Department of Surgery, Division of Breast and Endocrine Surgery, Hyogo College of Medicine, Nishinomiya, Japan.
Department of Breast Surgery, Yao Municipal Hospital, Yao, Japan.
Anticancer Res. 2020 Jul;40(7):4147-4156. doi: 10.21873/anticanres.14414.
BACKGROUND/AIM: We investigated the efficacy of neutrophil-to-lymphocyte ratio (NLR), absolute lymphocyte count (ALC), and C-reactive protein (CRP) in predicting overall survival of metastatic breast cancer patients treated with eribulin.
Overall, 74 patients treated with eribulin were enrolled and their baseline levels of NLR, ALC, and CRP retrieved. Cutoff values of NLR, ALC, and CRP were set at 3.0, 1500/μl, and 0.3 mg/dl, respectively. Overall survival (OS) was compared according to marker levels.

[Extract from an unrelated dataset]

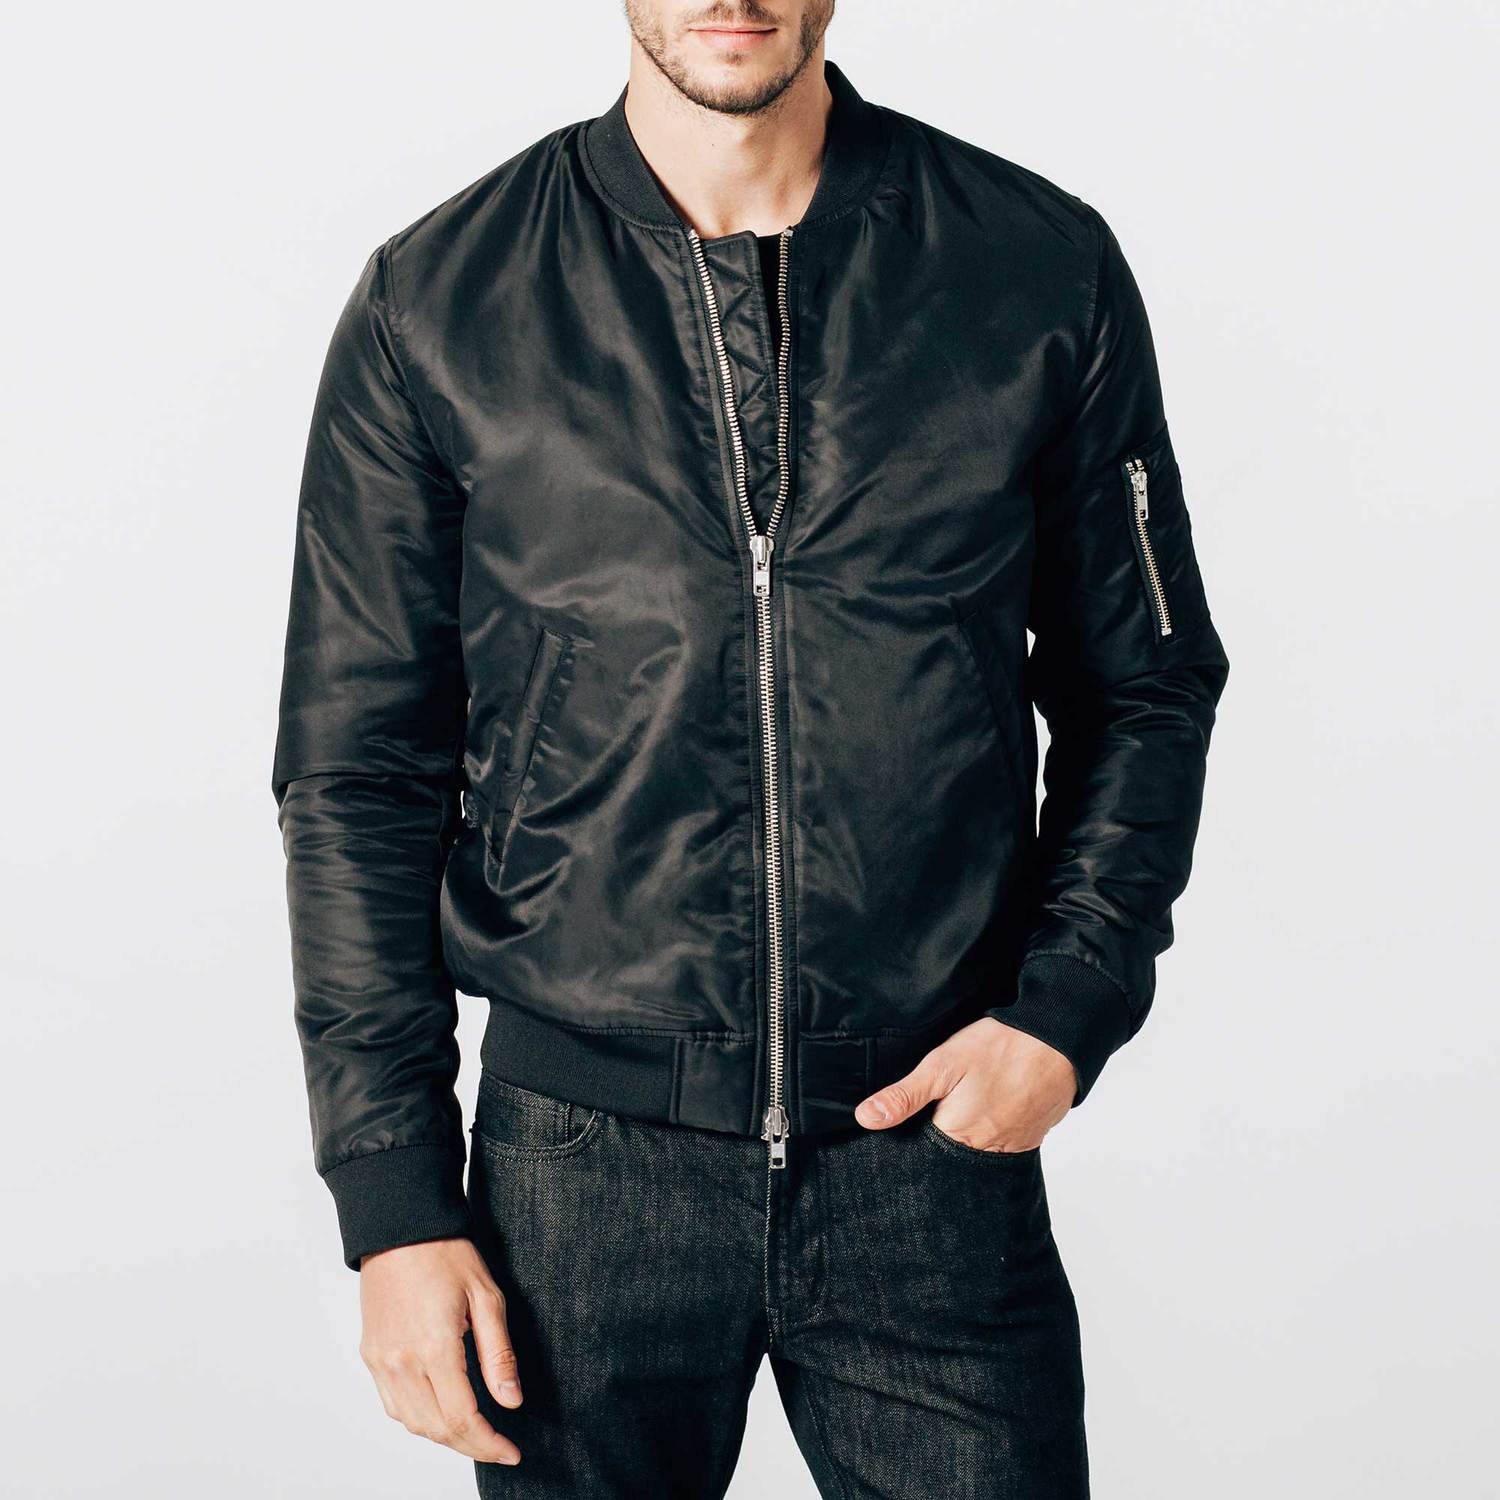 Mens Nylon Bomber Jacket With Silver Zippers In Black $135 | DSTLD

The OS of NLR-low, ALC-high, and CRP-low groups at baseline was significantly longer than that of NLR-high, ALC-low, and CRP-high groups (p=0.0027, p=0.0013, and p=0.0164, respectively). The combination of ALC and CRP was significantly associated with OS by multivariate analysis (p=0.048).
Baseline levels of NLR, ALC, and CRP were significantly associated with OS in patients treated with eribulin. The combination of ALC and CRP improved the predictive efficacy compared to individual markers.
背景/目的:我们研究了中性粒细胞与淋巴细胞比值(NLR)、绝对淋巴细胞计数(ALC)和 C 反应蛋白(CRP)在预测接受艾立布林治疗的转移性乳腺癌患者总生存期方面的疗效。
共纳入 74 例接受艾立布林治疗的患者,并回顾其 NLR、ALC 和 CRP 的基线水平。NLR、ALC 和 CRP 的截断值分别设定为 3.0、1500/μl 和 0.3mg/dl。根据标志物水平比较总生存期(OS)。
NLR 低、ALC 高和 CRP 低组的 OS 明显长于 NLR 高、ALC 低和 CRP 高组(p=0.0027、p=0.0013 和 p=0.0164)。多因素分析显示,ALC 和 CRP 的联合与 OS 显著相关(p=0.048)。
NLR、ALC 和 CRP 的基线水平与接受艾立布林治疗的患者的 OS 显著相关。与单独标志物相比,ALC 和 CRP 的联合提高了预测疗效。